» Provided records
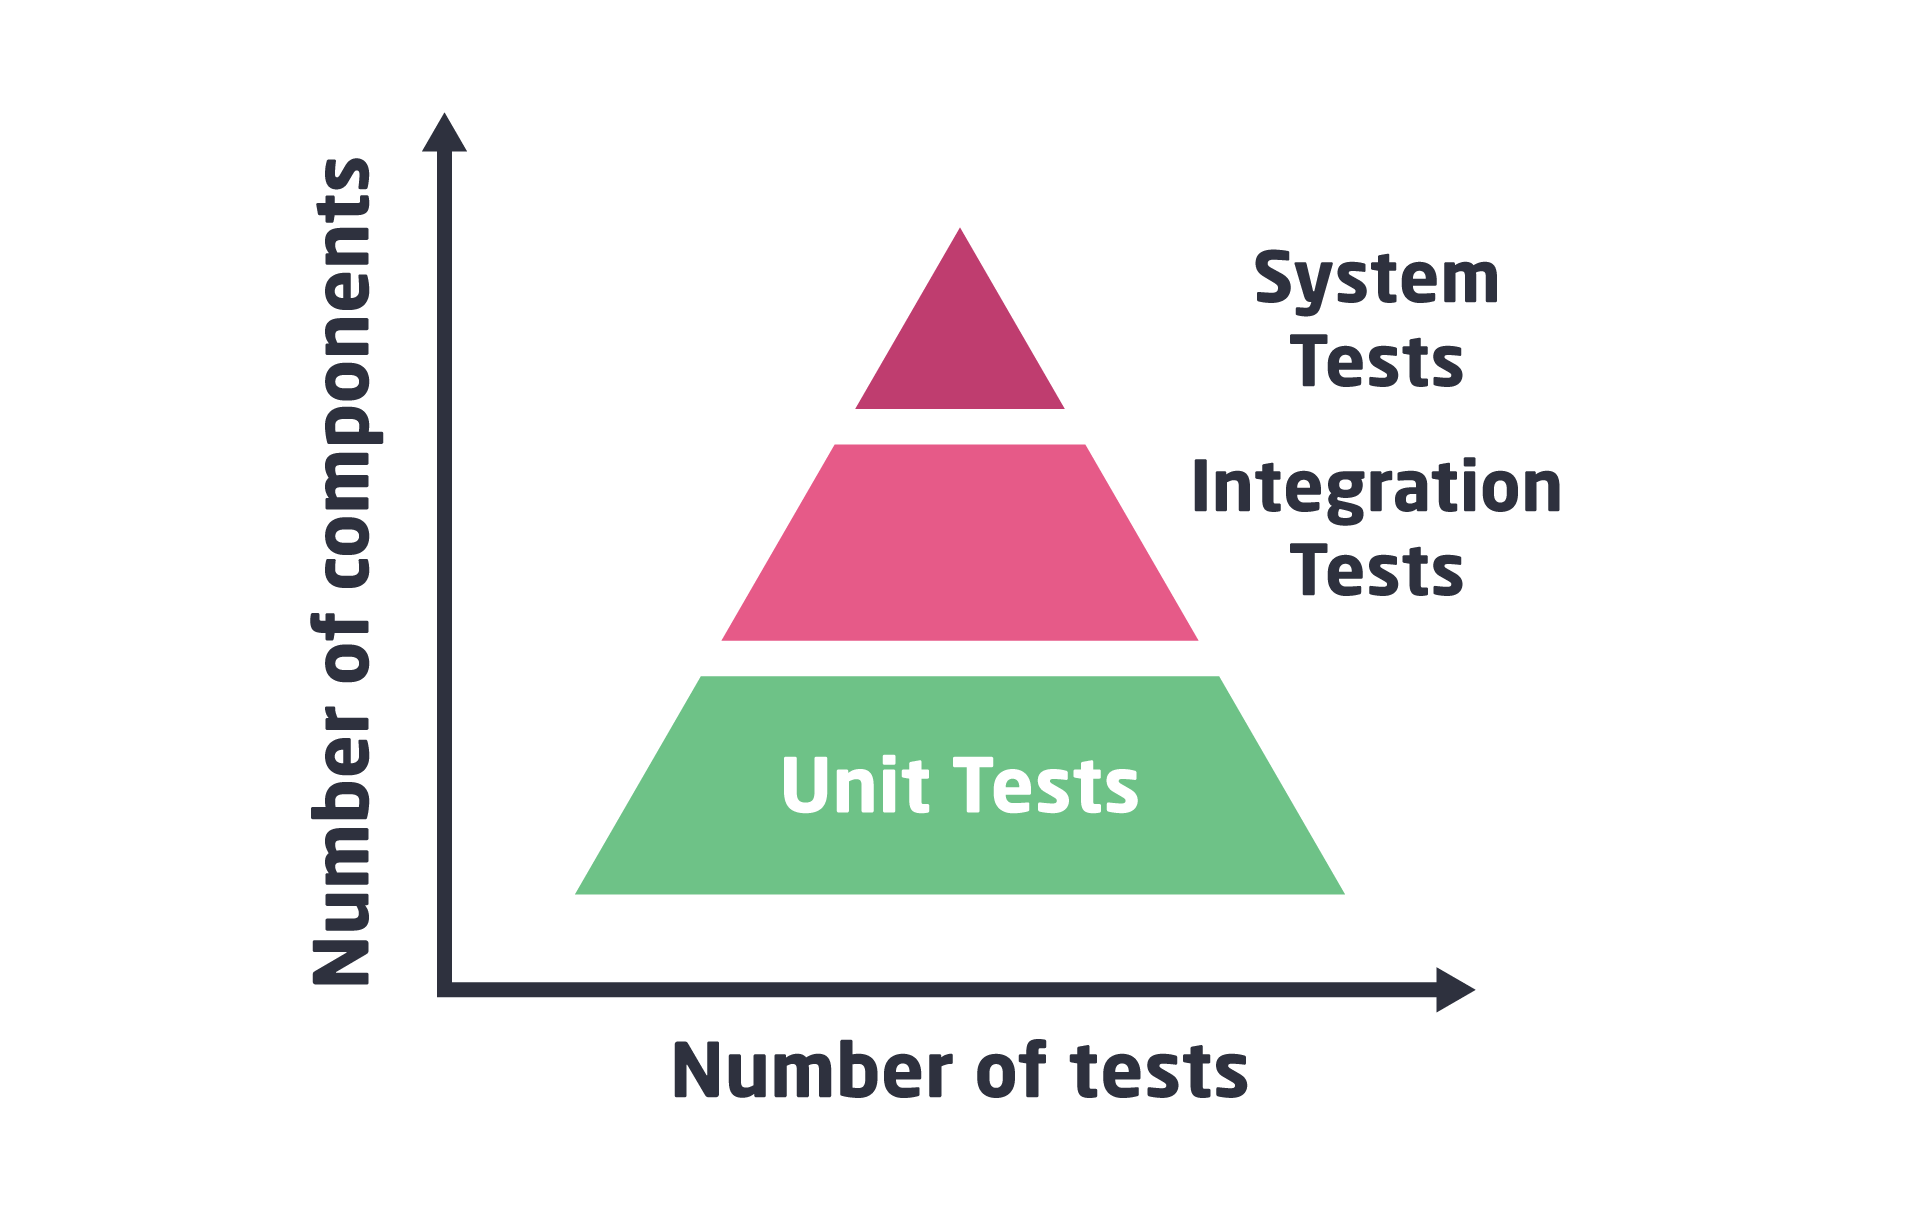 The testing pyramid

--

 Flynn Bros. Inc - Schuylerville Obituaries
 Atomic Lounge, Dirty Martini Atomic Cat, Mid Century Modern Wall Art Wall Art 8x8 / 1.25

--

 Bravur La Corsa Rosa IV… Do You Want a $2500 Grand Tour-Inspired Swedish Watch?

» What to produce
Copy the lines above exactly, beginning at the line that has "Flynn Bros. Inc - Schuylerville Obituaries" and stopping after the line that has "Atomic Lounge, Dirty", and omit the rest.

» Exercise answer
 Flynn Bros. Inc - Schuylerville Obituaries
 Atomic Lounge, Dirty Martini Atomic Cat, Mid Century Modern Wall Art Wall Art 8x8 / 1.25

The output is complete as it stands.